Together the couple sunk the funds raised from Christie’s 1988 auction into restoring the house.They also let out Mountainstown as a film location. “The film September was set here,” she had recalled. “The house was filled with stars – among them Jacqueline Bisset, Virginia McKenna, Edward Fox and Michael York.” A generation and great recession later, one quarter of a millennium of Pollock ownership is coming to an end. Mountainstown was passed down to Arthur Pollock, Johnny and Diana’s elder son, in 2004. Arthur moved in with his wife Atalanta and their three children. They continued the restoration work, installing a new kitchen to the former billiard room wing and painting the staircase hall fawn. But now Mountainstown is for sale through Savills for almost £3 million.
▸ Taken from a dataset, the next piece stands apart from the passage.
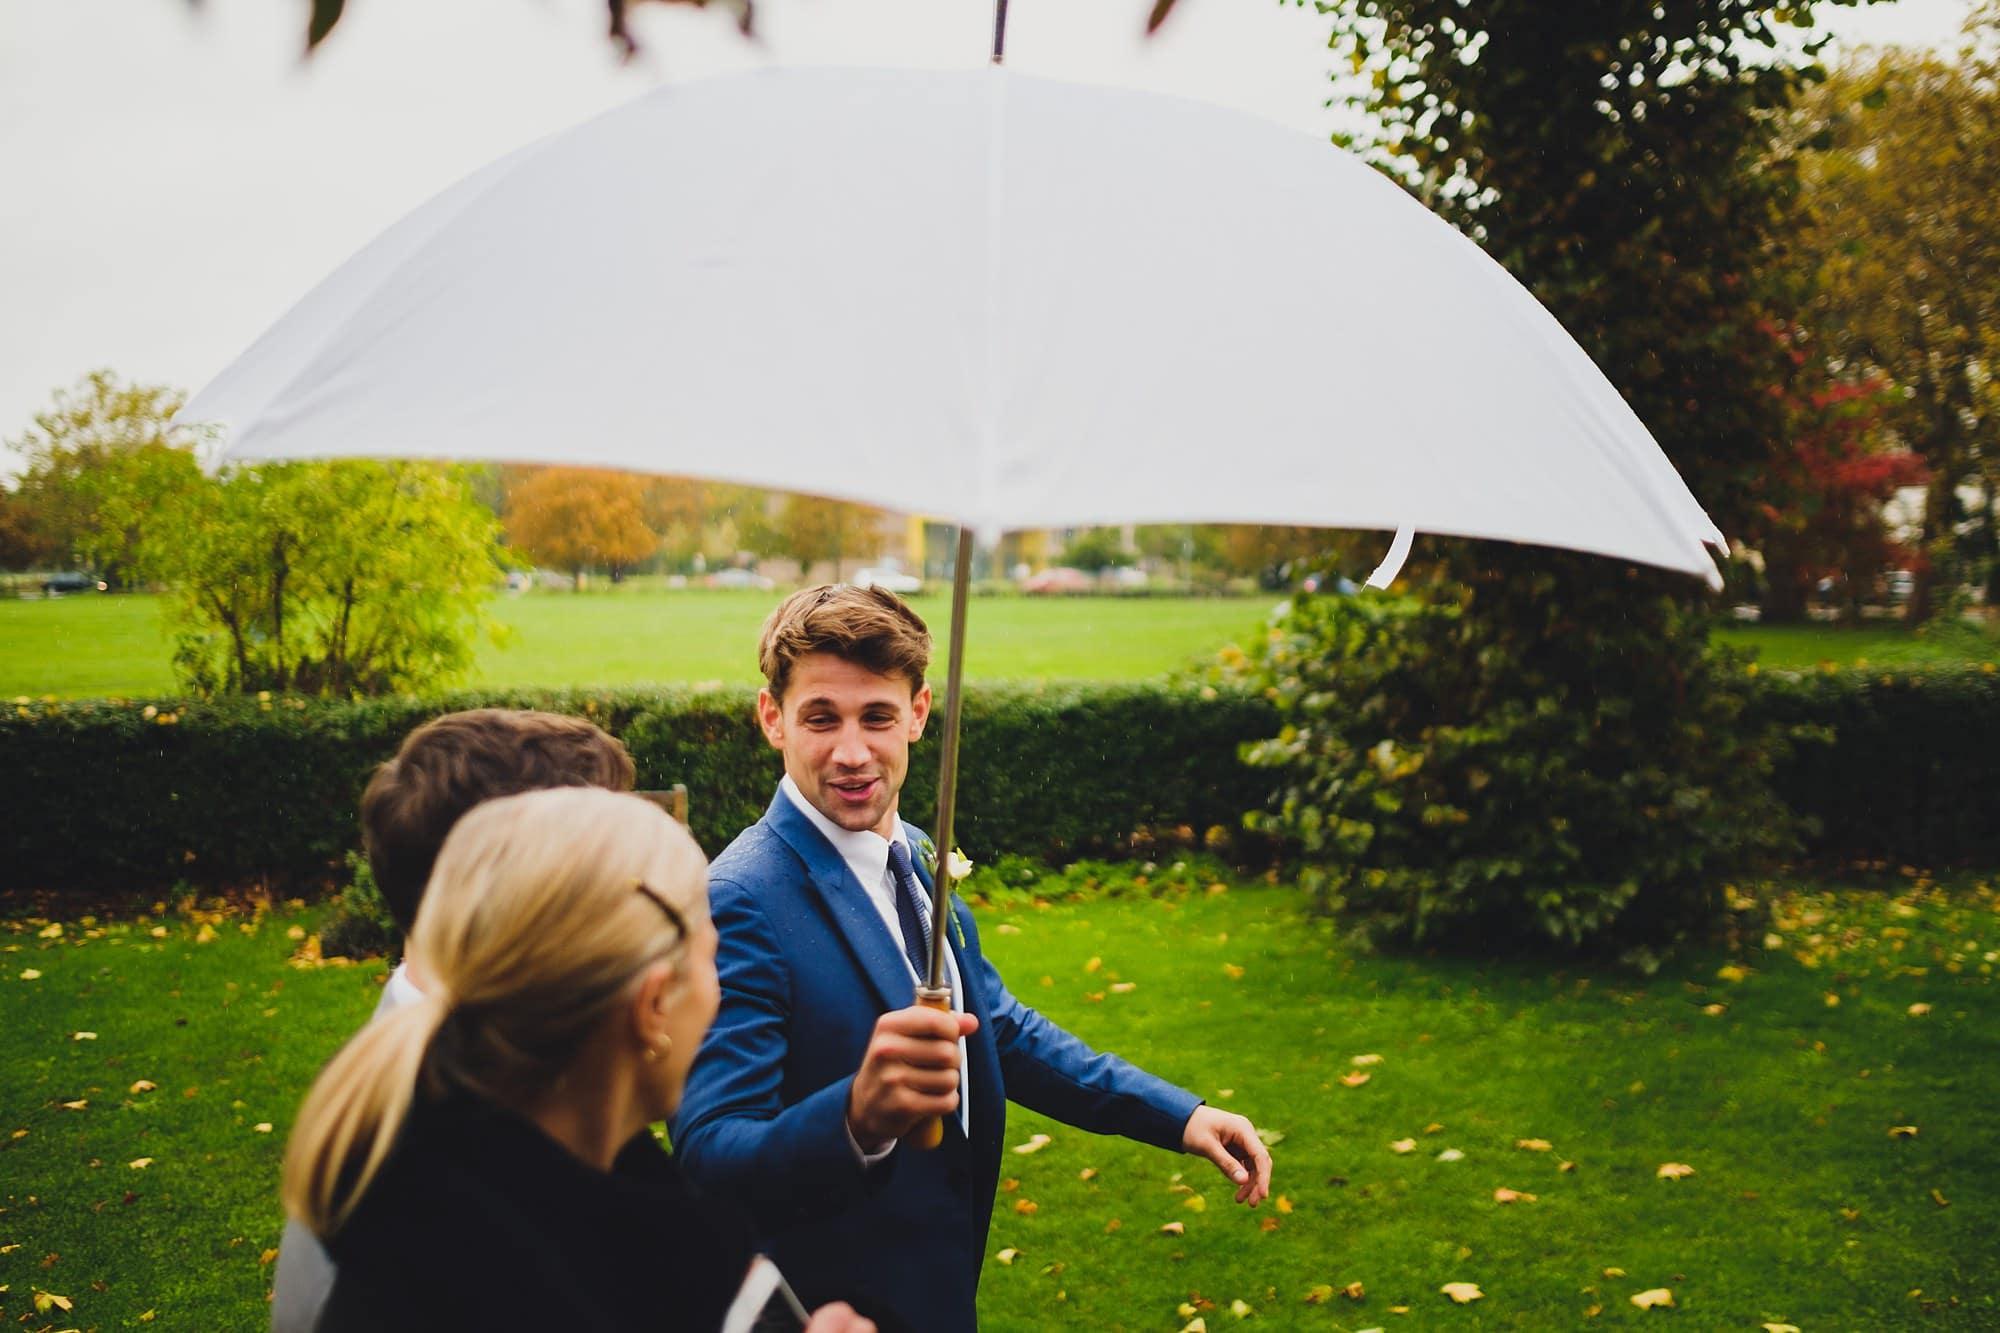 fulham palace wedding photographer ok 051 - Olivia + Kyle

Atty explains, “It was a huge decision and not one that came easily. But we don’t want the children to struggle to keep it, y’know. We want it to be enjoyed to the full by a new family. Somebody who would use all this amazing pasture – and permanent pasture, 120 acres of it. Someone who has an interest in horses. Maybe someone who likes hunting. I mean there are copious stables, a lovely yard.” She knows the history well: “Samuel Gibbons who built the house, after he died an impression was taken of his face and it was embossed onto the ceiling in the hall.” As for the wild boar image which appears throughout the interior, Atty comments, “The story is and it may – it may well be true, that the King of France was being charged by a wild boar that they were hunting and Lieutenant Pollock killed it with an arrow. So he was given a crest – the family crest. And the house has so much personality cause you see all over the house this motif of a wild boar recurring.”
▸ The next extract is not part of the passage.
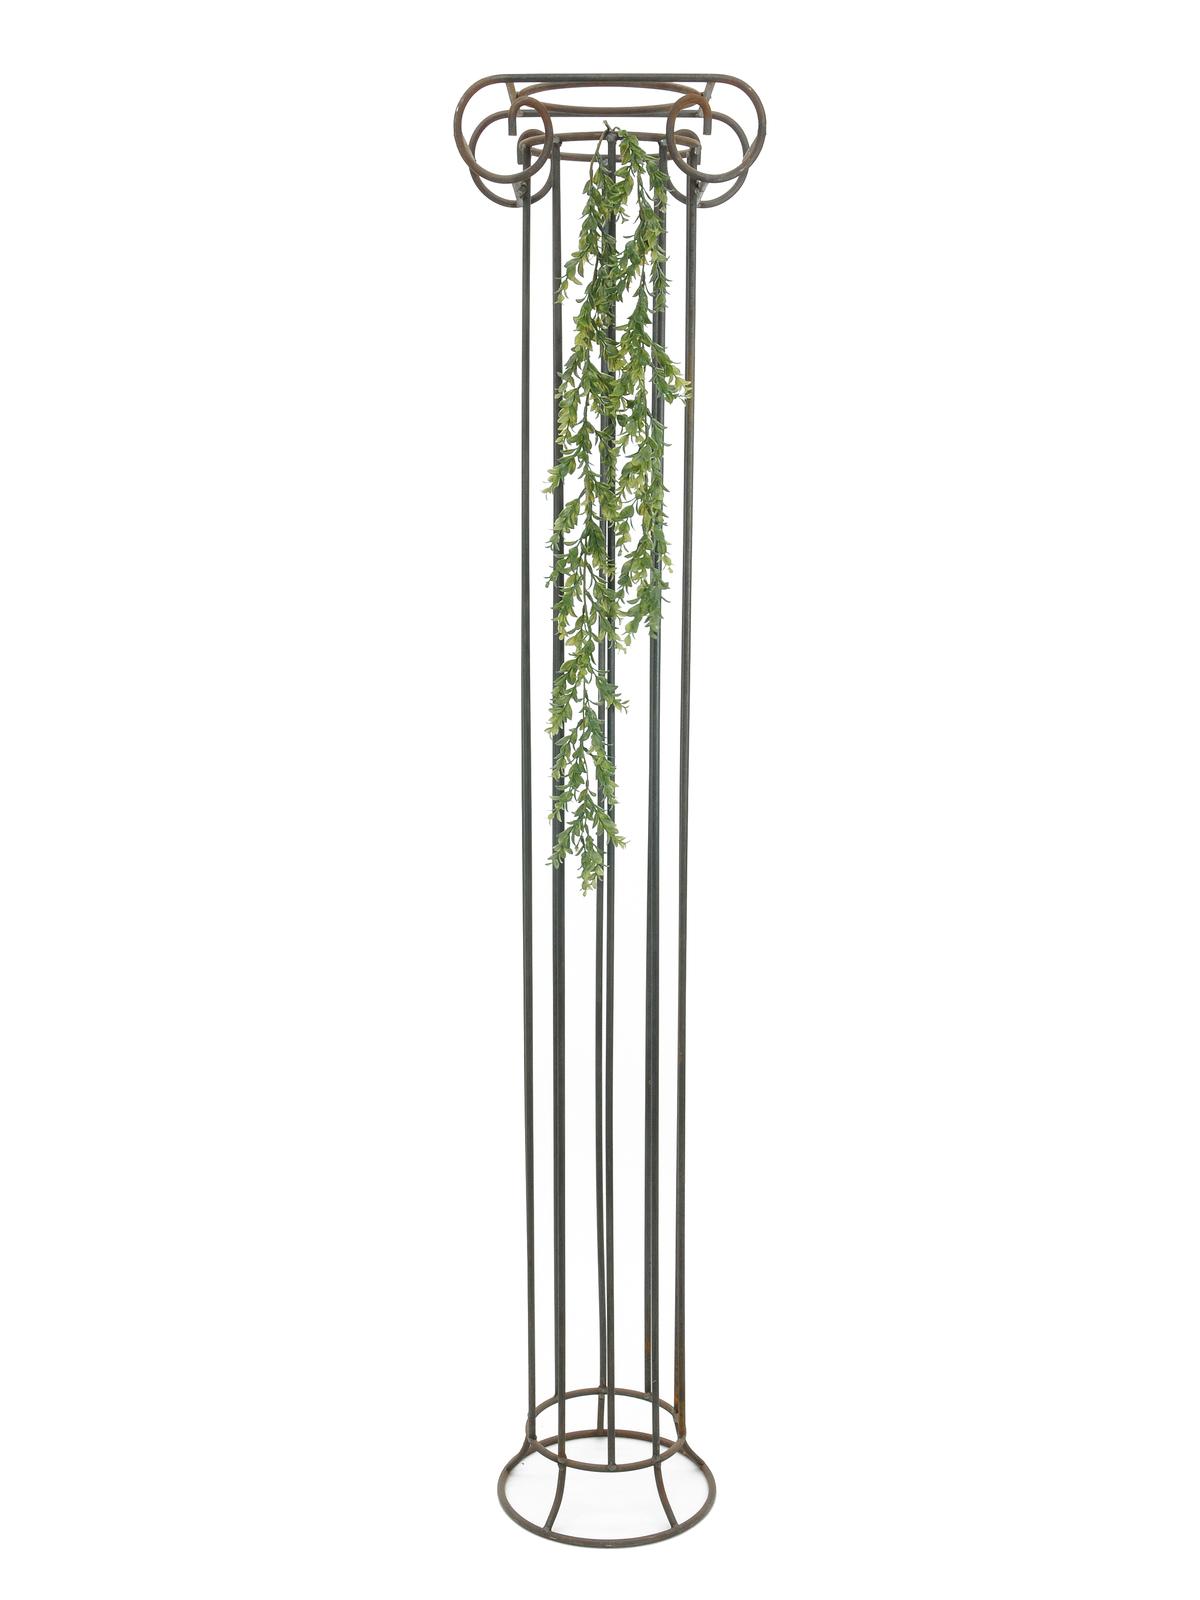 EUROPALMS Grasranke, künstlich, dunkelgrün, 105cm

Atalanta Pollock reminisces, “We’ve had really memorable parties here. We filled the house with people and friends. We’ve had lots of people to stay the night which makes for much better parties as we all know. And it’s been a fun place to live in, yeah. It’s been a lot of work but it’s been a lot of fun as well.” Hopefully Mountainstown will remain a private house whoever buys it. Surely Ireland has reached country house hotel saturation? That said, one country house hotel has never looked better. After languishing on the property market for several years, Castlebellingham finally sold for £1.25 million, a quarter of its 2008 asking price. The Corscadden family have since spent over £3 million on a convincing restoration.